ContractGuard：面向以太坊区块链智能合约的入侵检测系统

doi:10.11959/j.issn.2096-109x.2020025

网络与信息安全学报 ›› 2020, Vol. 6 ›› Issue (2): 35-55.doi: 10.11959/j.issn.2096-109x.2020025

所属专题：区块链

ContractGuard：面向以太坊区块链智能合约的入侵检测系统

赵淦森^1,^2,³,谢智健^1,^2,³,王欣明^1,^2,^3,^4,⁵(),何嘉浩^1,^2,³,张成志⁵(),林成创^1,^2,³,ZihengZhou^1,^3,⁶,陈冰川^3,⁷,ChunmingRong⁸

¹ 华南师范大学计算机学院，广东广州 510000
² 广州市云计算安全与测评技术重点实验室，广东广州 510000
³ 华南师范大学唯链区块链技术与应用联合实验室，广东广州 510000
⁴ 拉卡拉集团，北京 100080
⁵ 香港科技大学,中国香港 999077
⁶ VeChain Foundation Limited,Singapore 238463
⁷ 广东财经大学，广东广州 510000
⁸ Stavanger University,Norway Stavanger 4036

修回日期:2020-03-25 出版日期:2020-04-15 发布日期:2020-04-23
作者简介:赵淦森（1977- ），男，广东东莞人，华南师范大学教授、博士生导师，主要研究方向为信息安全、区块链|谢智健（1995- ），男，广东云浮人，华南师范大学硕士生，主要研究方向为软件测试、区块链应用|王欣明（1980- ），男，香港科技大学博士生，主要研究方向为金融科技、软件测试与软件分析、区块链|何嘉浩（1995- ），男，广东广州人，华南师范大学硕士生，主要研究方向为软件分析、区块链应用|张成志（1963- ），男，中国香港人，香港科技大学教授、博士生导师，主要研究方向为软件工程|林成创（1990- ），男，广东韶关人，华南师范大学博士生，主要研究方向为计算机视觉、医疗人工智能|Ziheng Zhou（1979- ），男，新加坡人，博士，主要研究方向为区块链、共识算法、计算机视觉和机器学习|陈冰川（1975- ），男，广东财经大学讲师，主要研究方向为人工智能、推荐系统和软件工程|Chunming Rong（1969- ），男，挪威人，挪威工程院院士，挪威斯塔万格大学终身教授，主要研究方向为区块链
基金资助:
中华人民共和国香港特别行政区政府资金资助项目(RGC/GRF16202917);国家重点研发计划基金资助项目(2018YFB1404402);广东省重点研发计划基金资助项目(2019B010137003);广东省科技计划基金资助项目(2016B030305006);广东省科技计划基金资助项目(2018A07071702);广东省科技计划基金资助项目(201804010314);广东省科技计划基金资助项目(2012224-12);唯链基金会资金资助项目(SCNU-2018-01);广东省教育厅特色创新项目（自然科学）(2017KTSCX074)

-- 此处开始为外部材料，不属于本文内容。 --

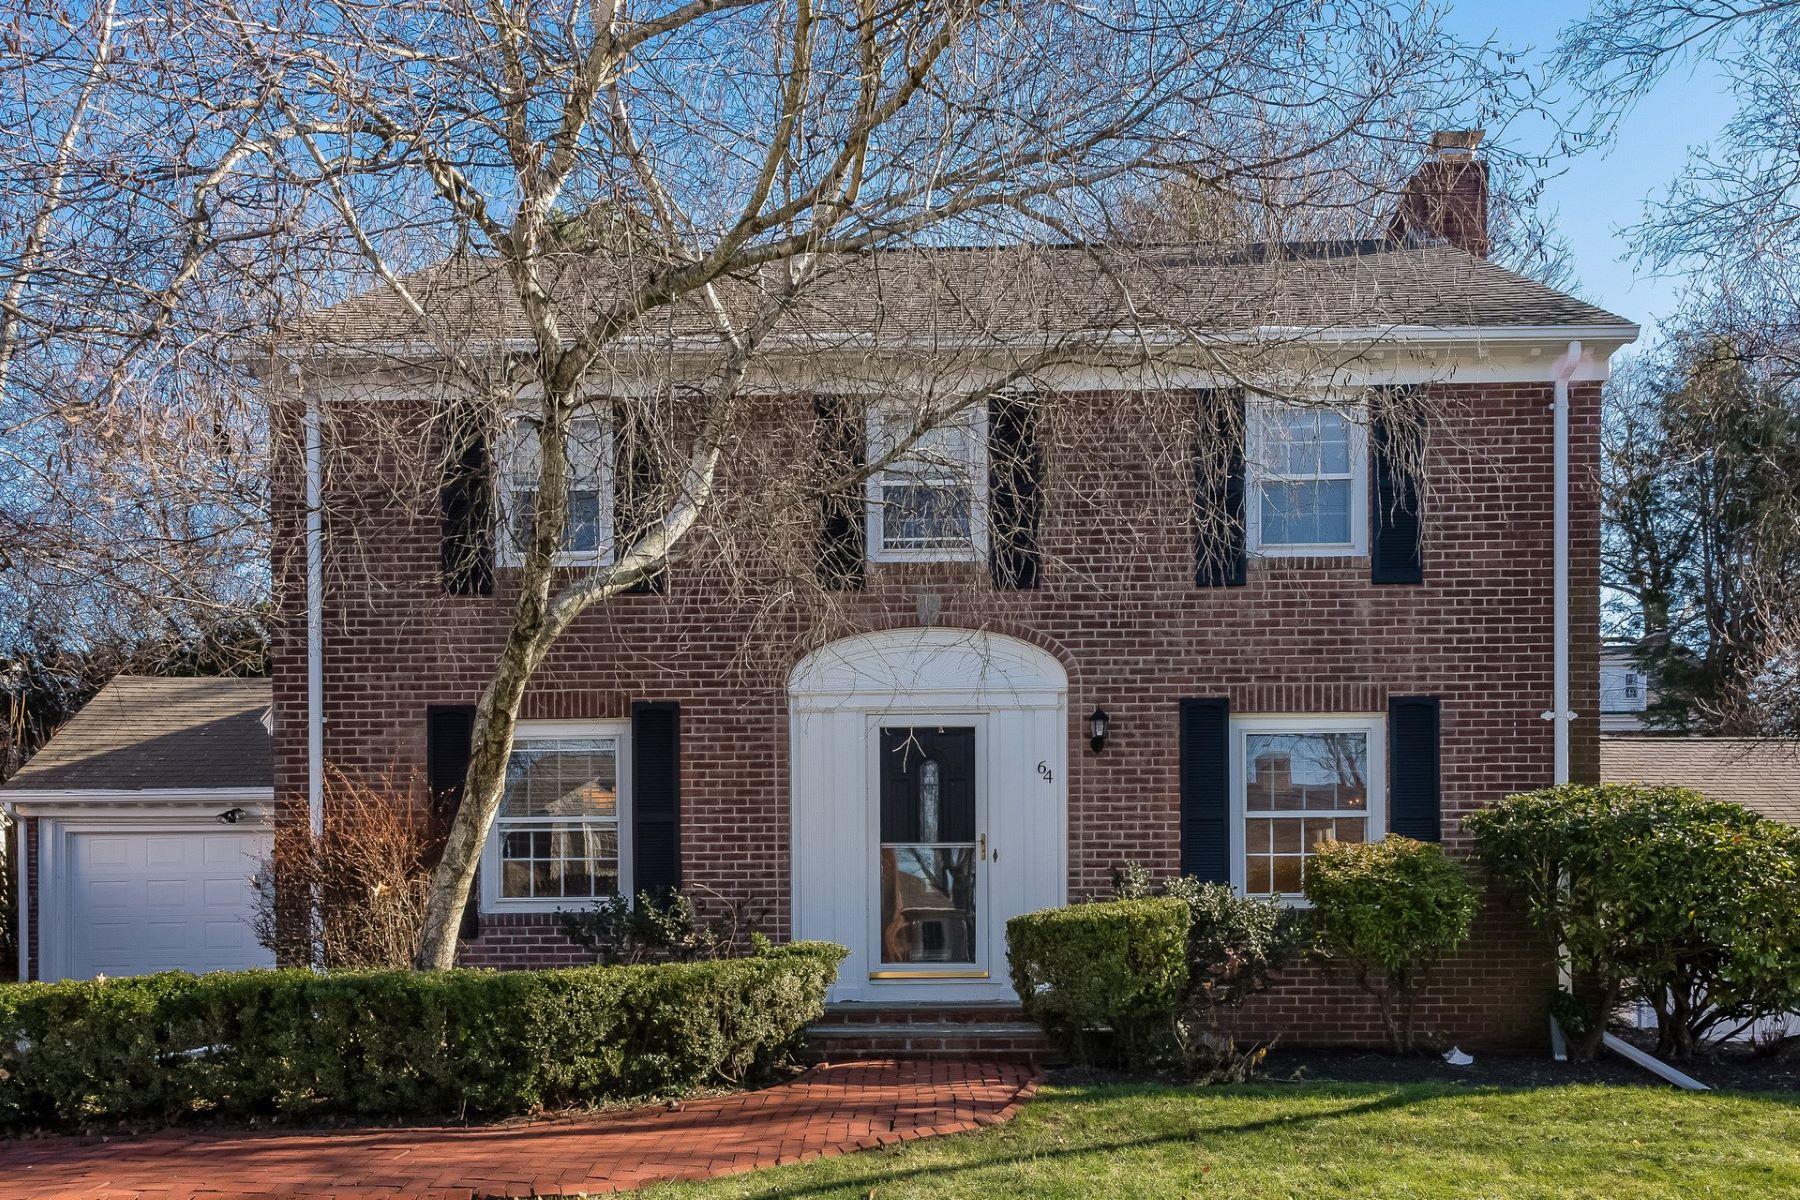 Eensgezinswoning voor Verkoop op 64 Capwell Av, Pawtucket, RI Pawtucket, Rhode Island 02860 Verenigde Staten

ContractGuard:defend Ethereum smart contract with embedded intrusion detection

Gansen ZHAO^1,^2,³,Zhijian XIE^1,^2,³,Xinming WANG^1,^2,^3,^4,⁵(),Jiahao HE^1,^2,³,Chengzhi ZHANG⁵(),Chengchuang LIN^1,^2,³,ZHOU Ziheng^1,^3,⁶,Bingchuan CHEN^3,⁷,RONG Chunming⁸

¹ South China Normal University School of Computer Science,Guangzhou 510000,China
² Guangzhou Key Laboratory of Cloud Computing Security and Assessment Technology,Guangzhou 510000,China
³ VeChain blockchain technology and application joint laboratory,Guangzhou 510000,China
⁴ Lakala Payment Company Limited,Beijing 100080,China
⁵ HK University of Science and Technology,Hong Kong 999077,China
⁶ VeChain Foundation Limited,Singapore 238463
⁷ Guangdong university of finance and economics,Guangzhou 510000,China
⁸ Stavanger University,Stavanger 4036,Norway

Revised:2020-03-25 Online:2020-04-15 Published:2020-04-23
Supported by:
HKSAR(RGC/GRF16202917);The National Key R＆D Program of China(2018YFB1404402);Guangdong Science ＆Technology Fund(2019B010137003);Guangzhou Science ＆ Technology Fund(2016B030305006);Guangzhou Science ＆ Technology Fund(2018A07071702);Guangzhou Science ＆ Technology Fund(201804010314);Guangzhou Science ＆ Technology Fund(2012224-12);VeChain Foundation(SCNU-2018-01);Guangdong Provincial Department of Education Characteristic Innovation Project (Natural Science)(2017KTSCX074)

摘要/Abstract

摘要：

以太坊智能合约本质上是一种在网络上由相互间没有信任关系的节点共同执行的已被双方认证程序。目前，大量的智能合约被用于管理数字资产，使智能合约成为黑客的重要攻击对象。常见的攻击方法是通过利用智能合约的漏洞来实现特定操作的入侵攻击。ContractGuard 是首次提出面向以太坊区块链智能合约的入侵检测系统，它能检测智能合约的潜在攻击行为。ContractGuard 的入侵检测主要依赖检测潜在攻击可能引发的异常控制流来实现。由于智能合约运行在去中心化的环境以及在高度受限的环境中运行，现有的IDS技术或者工具等以外部拦截形式的部署架构不适合于以太坊智能合约。为了解决这些问题，通过设计一个嵌入式的架构，实现了把 ContractGuard 直接嵌入智能合约的执行代码中，作为智能合约的一部分。在运行时刻，ContractGuard通过相应的context-tagged无环路径来实现入侵检测，从而保护智能合约。由于嵌入了额外的代码，ContractGuard一定程度上会增加智能合约的部署开销与运行开销，为了降低这两方面的开销，基于以太坊智能合约的特性对 ContractGuard 进行优化。实验结果显示，可有效地检测 83%的异常行为，其部署开销仅增加了36.14%，运行开销仅增加了28.17%。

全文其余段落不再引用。